La pandémie de Covid-19 conduit depuis deux semaines de nombreux organisateurs à chambouler leurs courses. Parmi eux, OC Sport Pen Duick qui a reporté (pour l’instant) la Transat AG2R La Mondiale et étudie différents scénarios pour The Transat CIC, mais se montre en revanche confiant pour la Solitaire du Figaro. Tip & Shaft s’est entretenu avec son directeur général, Hervé Favre.

Commençons par évoquer la Transat AG2R La Mondiale : où en est-on aujourd’hui sur cette course qui devait partir le 19 avril ?
Nous avons reçu la décision de la Fédération française de voile qui a étendu l’interdiction de tout événement nautique jusqu’au 3 mai, donc la course est officiellement annulée au regard du calendrier de la Fédération. Ce n’est pas une surprise et nous avions anticipé cette décision en annonçant il y a dix jours que la course ne pourrait pas avoir lieu à la date prévue. Maintenant, nous sommes en discussion avec la classe Figaro pour trouver une fenêtre dans le calendrier pour que la course ait lieu. Nous avons essayé de voir si nous pouvions en trouver une cette année, mais ça paraît compliqué. La fenêtre météo qu’on pouvait viser sur une telle transat était soit jusqu’à fin juin – mais ça n’est pas tellement une option vu la situation actuelle – soit après le 1er novembre, mais en face, il y a le Vendée Globe. Donc on se projette plus sur l’année 2021 : on travaille sur un scénario, mais comme il y a un calendrier déjà en place, il faut voir comment on peut l’aménager. Aujourd’hui, nous sommes donc dans cette phase de discussion avec la classe Figaro.

Au printemps 2021, il y a effectivement la Sardinha Cup et la nouvelle Med Sea Race au programme, c’est bien ça ?
Oui, exactement. Pour l’épreuve en Méditerranée, ça peut coller : cela s’est déjà fait part le passé d’enchaîner la Transat AG2R et la Generali Solo, donc c’est potentiellement envisageable. Ensuite, il y a effectivement la Sardinha Cup qui avait un programme assez ambitieux pour l’année prochaine ; on attend que la classe organise une discussion entre ses adhérents sur le sujet avant d’en discuter avec elle.

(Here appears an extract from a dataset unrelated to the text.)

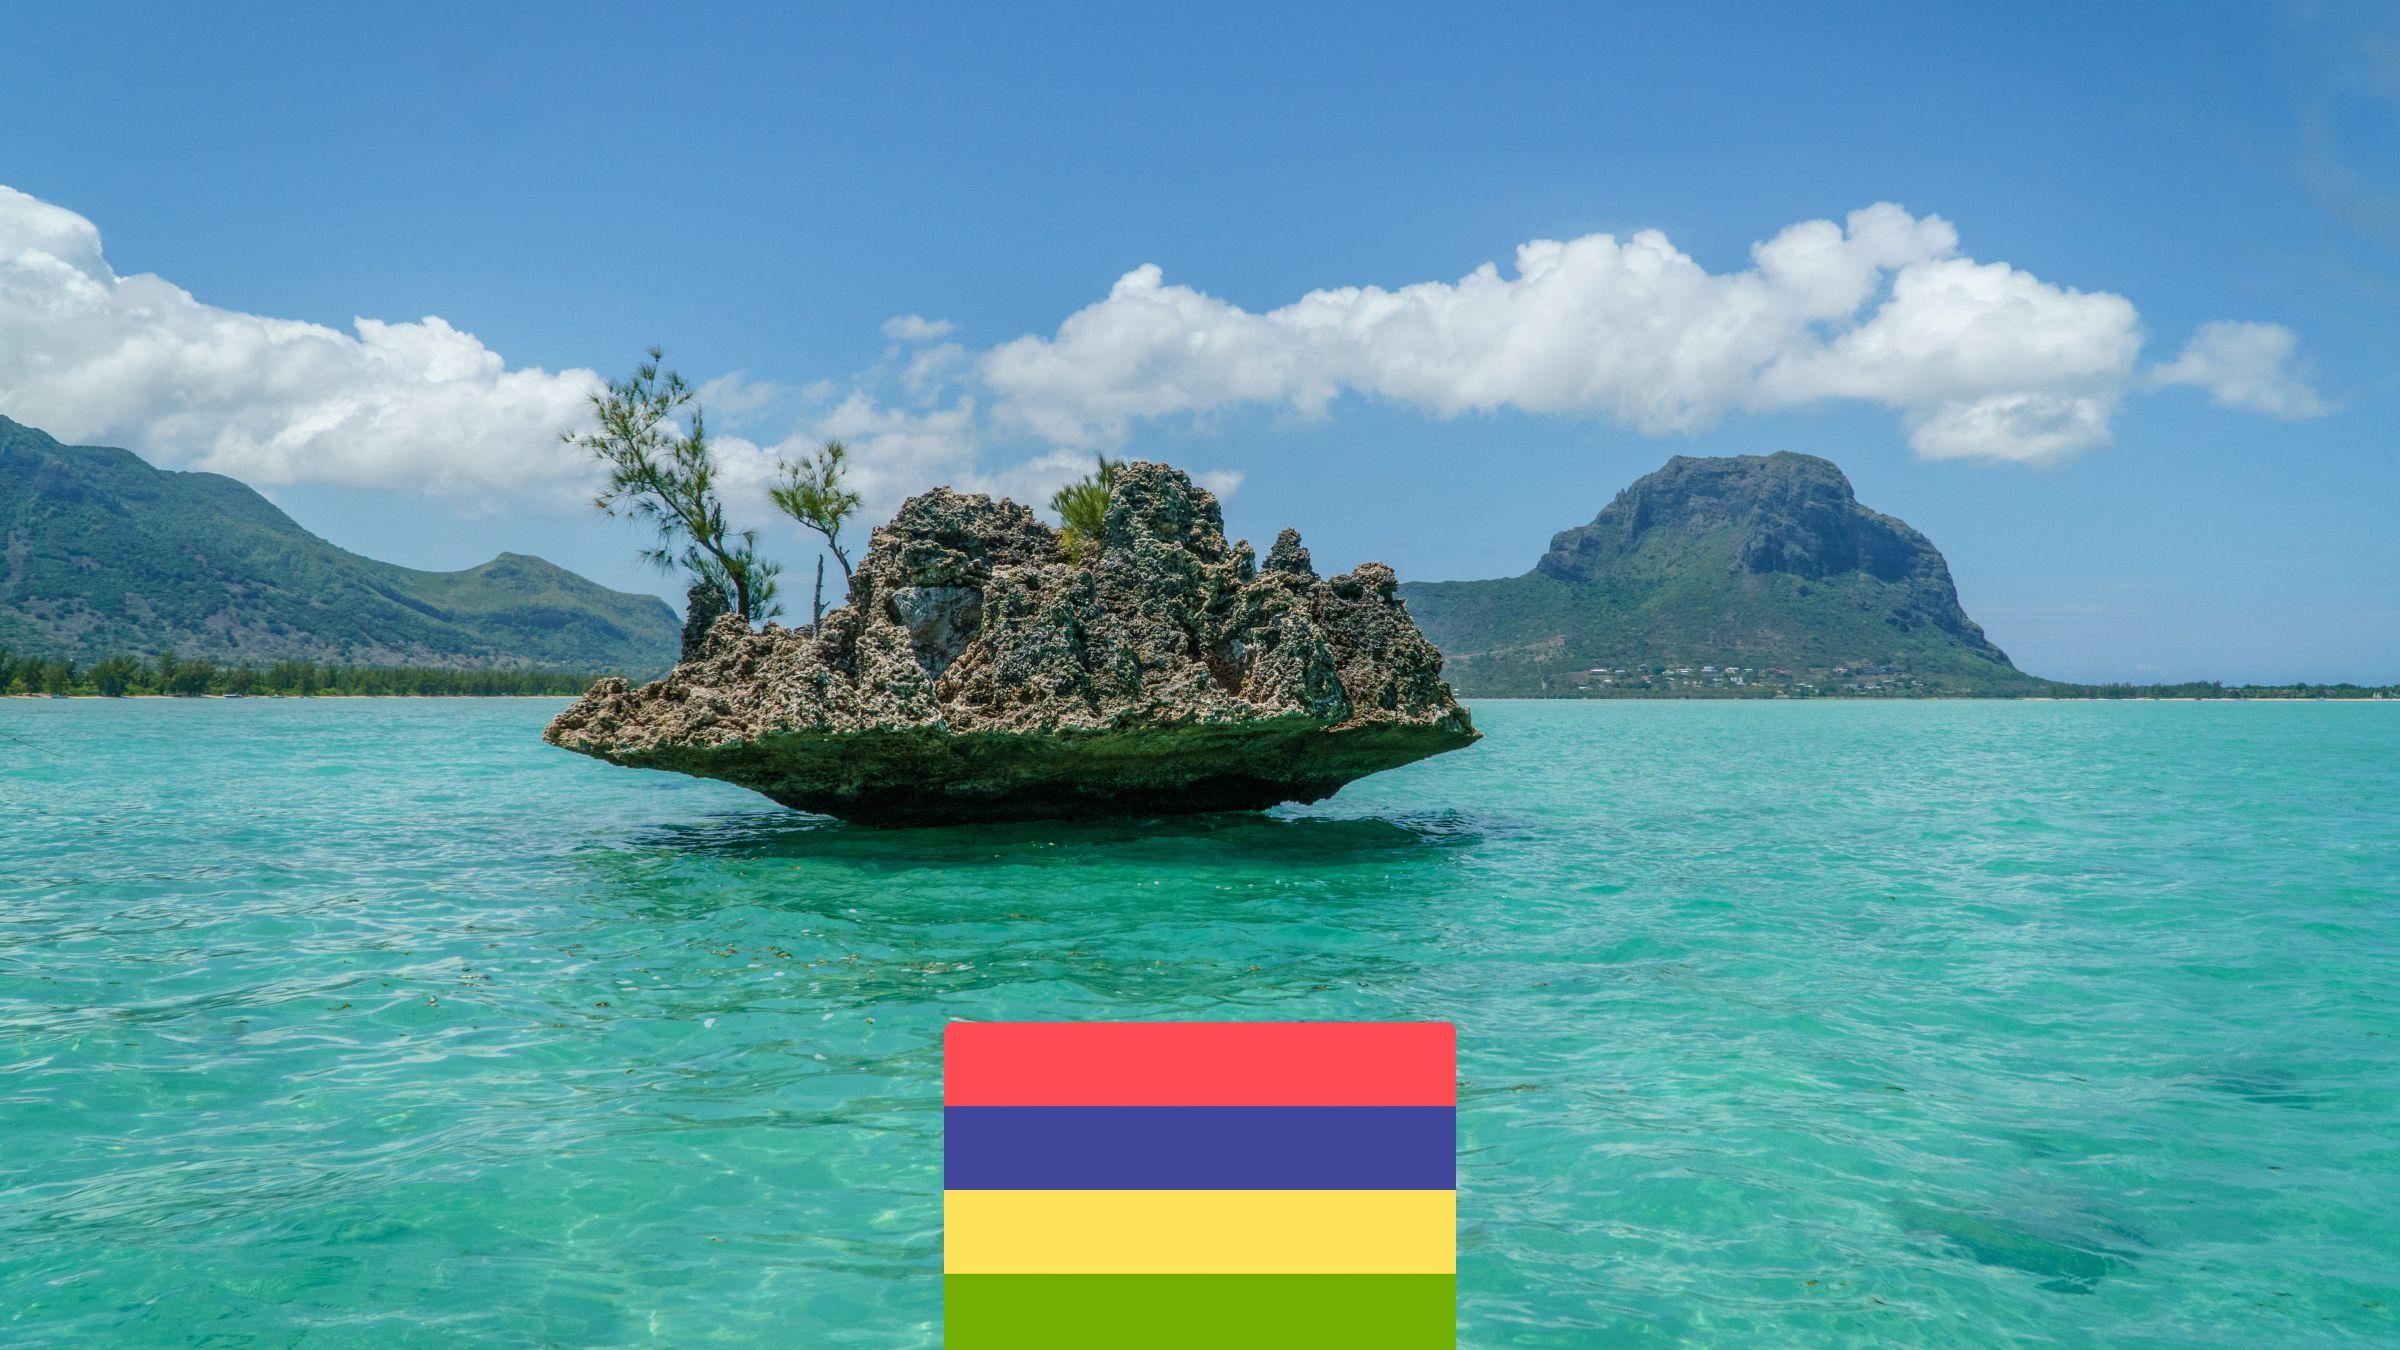 Mauricius zPrahy od 16790Kč: Výhodné letenky na podzim 2021

Quelle est la position du partenaire titre, AG2R La Mondiale, sur ce report ?
AG2R La Mondiale étant un partenaire majeur de la santé, au vu de la situation actuelle, nos interlocuteurs nous disent qu’ils ne peuvent pas prendre de décision sur une nouvelle date. Ils ont acté que la course ne partirait pas le 19 avril mais aujourd’hui, très clairement, ce dossier n’est pas leur priorité, ce qu’on peut très bien comprendre. La période est difficile pour toutes les sociétés d’assurances, spécialement pour AG2R La Mondiale qui a parmi ses clients un grand nombre de personnes âgées directement touchées par le coronavirus, donc ça serait vraiment très malvenu pour nous de les solliciter en ce moment.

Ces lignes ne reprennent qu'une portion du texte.